# Old Russian Rangefinders



## frXnz kafka (Oct 23, 2007)

What's the scoop on these things? They go pretty cheap on eBay, are they any good? I'm not expecting miracles, just something to play around with. I'm particularly looking at the FED-2.


----------



## Mitica100 (Oct 23, 2007)

Russian cameras were mostly copies of the German ones (Contax/Kiev and Leica/Fed-Zorkii). While the mechanics are OK, the optics are often underpar. That's due to a very lax quality control (I think it was rather a quantity control back then) and if you get two good lenses in a batch of ten identical ones, then you're lucky. These cameras were made in huge quantities and that explains why they're so cheap nowadays.

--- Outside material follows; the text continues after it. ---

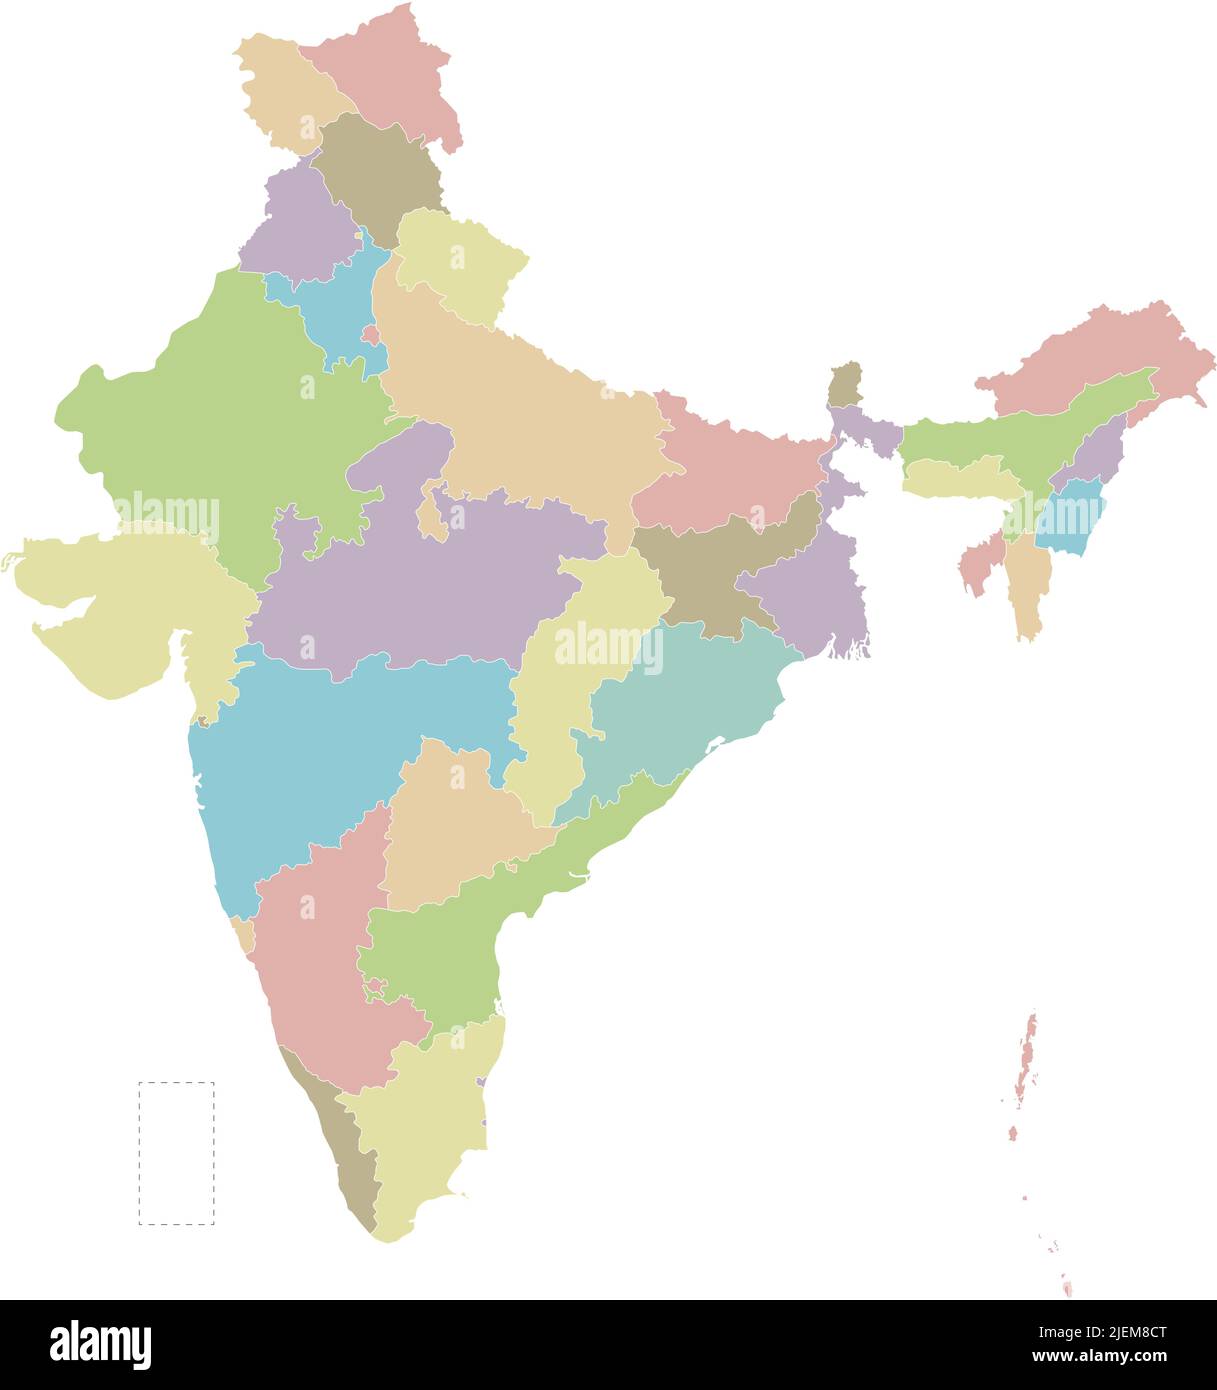 Mapa vectorial en blanco de la India con estados y territorios y divisiones administrativas. Capas editables y claramente etiquetadas. Ilustración del Vector
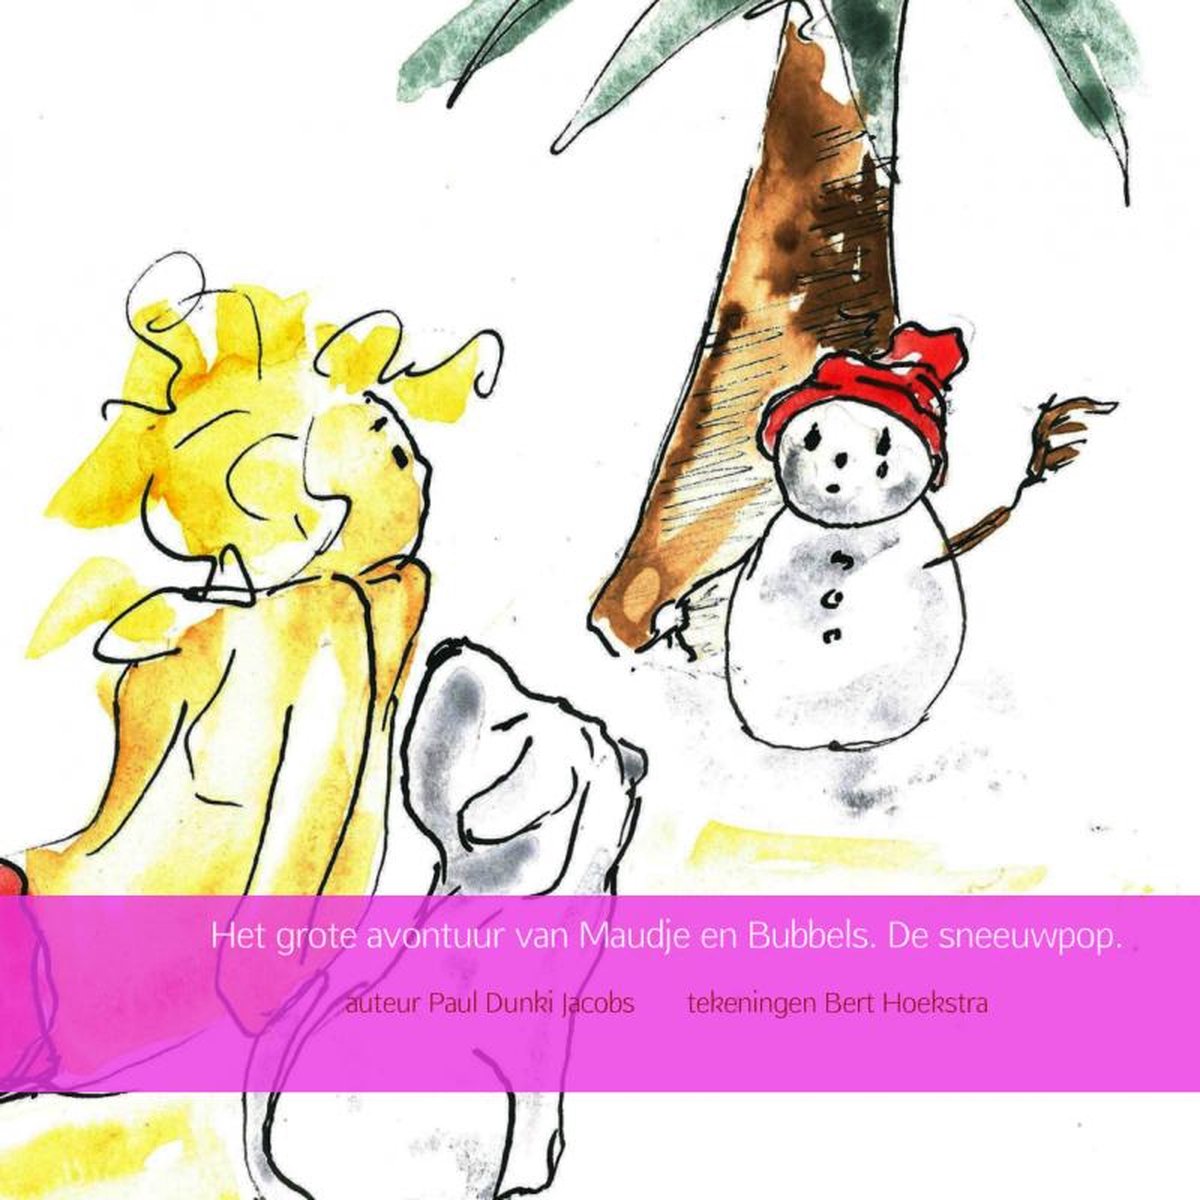 Het grote avontuur van Maudje en Bubbels. De sneeuwpop.

All that being said though, you can't beat a good working Zorkii/Fed with a good lens, at least price wise.


----------



## Helen B (Oct 23, 2007)

Back in the sixties I spent a while trying to decide between a Fed and a Zorki, and ended up getting a Zorki 4. Maybe it was because it came with a faster lens. I was quite happy with it. The lens was soft at wider apertures, but not unusably so, and it performed well when stopped down. A good lens hood was essential. As Mitica says, the quality of the lenses varied widely from example to example. 

Best,
Helen


----------



## frXnz kafka (Oct 28, 2007)

Well I guess we'll find out in a week or so. Just picked up a FED-2 on eBay.


----------



## jwkwd (Oct 31, 2007)

I have a Zorki and found that the biggest pain, is getting the film leader cut right so you can load it.


----------